Impfgerechtigkeit weltweit: Kirche alarmiert die Politik

von Anna Neumann

30.07.2021

An Rhein und Sieg kann man einfach ins Impfzentrum in Sankt Augustin radeln, sich anmelden und impfen lassen. Corona-Impfstoff in wirtschaftlich armen Ländern dagegen ist Mangelware. Im doppelten Sinn


Die Rede ist von in der Europäischen Union nicht zugelassenem oder einfach nicht vorhandenem Impfstoff. „Viele Länder Afrikas und Asiens tragen die größte Coronalast“, heißt es in einem Brief des Vorstands des Evangelischen Kirchenkreises An Sieg und Rhein an regionale Politikerinnen und Politiker.

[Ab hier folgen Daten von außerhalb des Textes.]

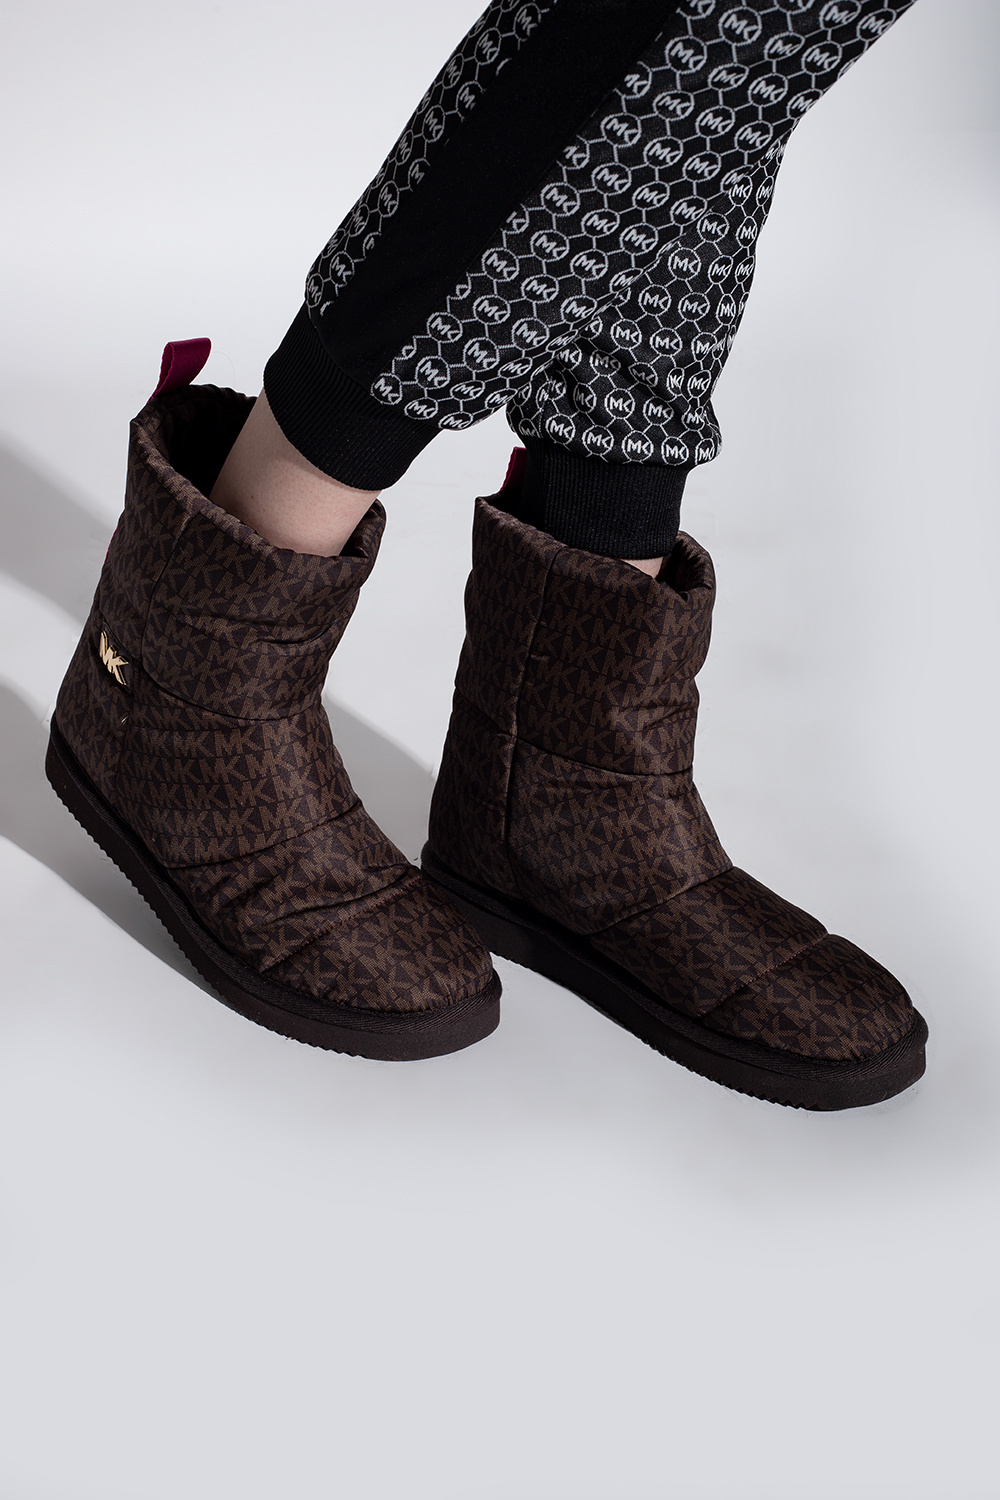 Shop Michael Kors Mens Boots  UP TO 52 OFF
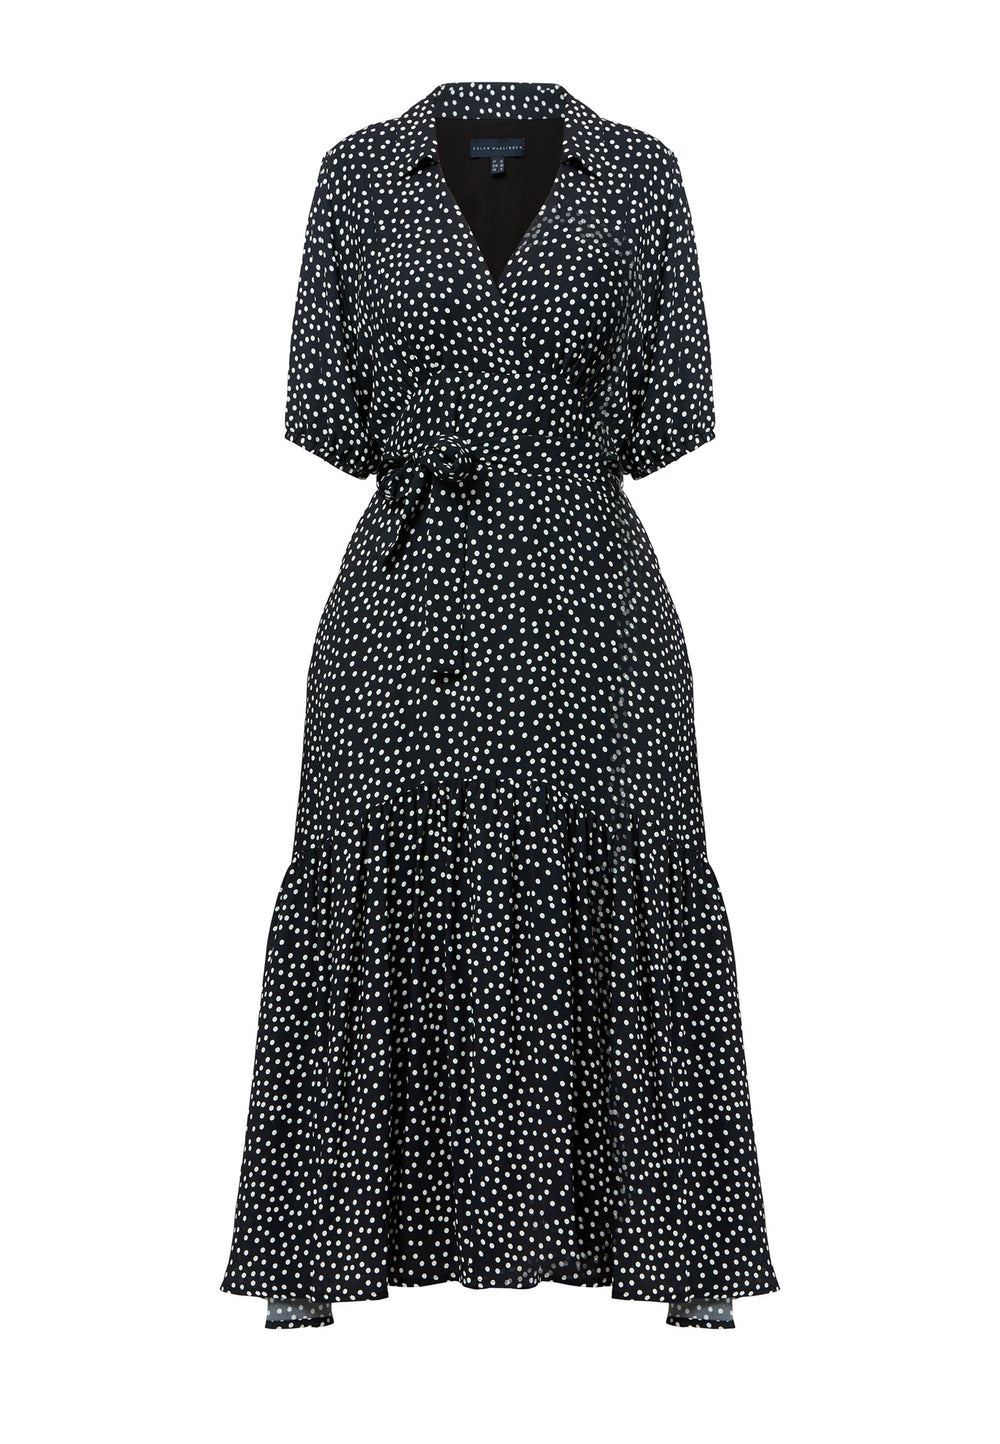 Raquel channels 30's glamour with its classic navy and white polka dot design in our favored viscose crepe. This dress boasts a flattering fit-and-flare skirt and a cross-over V-neckline. A soft belt cinches the waist, offering a customizable look that enhances the figure—whether tied at the front or back, the belt provides styling versatility. Elbow-length sleeves complete the 30's-inspired silhouette, making it a versatile wardrobe essential.

Sie werden inständig gebeten, sich für Impfgerechtigkeit einzusetzen. Mit dem Brief macht der Vorstand die Politik mit dem Beschluss der Kreissynode für Impfgerechtigkeit vertraut.

 

„Verbunden durch viele Partnerschaften liegen uns die Menschen der armen Regionen dieser Welt besonders am Herzen.“ Der Kirchenkreis drängt darauf, Impfstoffe in ärmeren Ländern frei zugänglich zu machen, eine Forderung auch von Organisationen wie „Brot für die Welt“ und „Vereinte Evangelische Mission“ (VEM). Der Brief ging an Bürgermeister*innen, Bundestagesabgeordnete und Landtagsabgeordnete an Rhein und Sieg.

 

Ebenfalls in den vergangenen Tagen hat der stellvertretende VEM-Generalsekretär die Beauftragte der Bundesregierung für Menschenrechtspolitik und Humanitäre Hilfe angeschrieben: „In vielen Ländern wie in Namibia und Südafrika hat sich die Situation angesichts der Pandemie mit neuen Varianten des Virus und mangelnder Verfügbarkeit von Impfstoffen dramatisch verschlechtert.“ Aus den Mitgliedskirchen kämen Notrufe. Deshalb bittet er die Menschenrechtsbeauftragte, sich mit allen Mitteln in der Bundesregierung für eine schnelle und gerechte Verteilung von Impfstoffen einzusetzen. Es dürfe keine „Zwei-Klassen-Impfung“ geben. In der EU nicht zugelassene Impfstoffe nach Afrika zu senden, erinnere an vergangene koloniale Zeiten.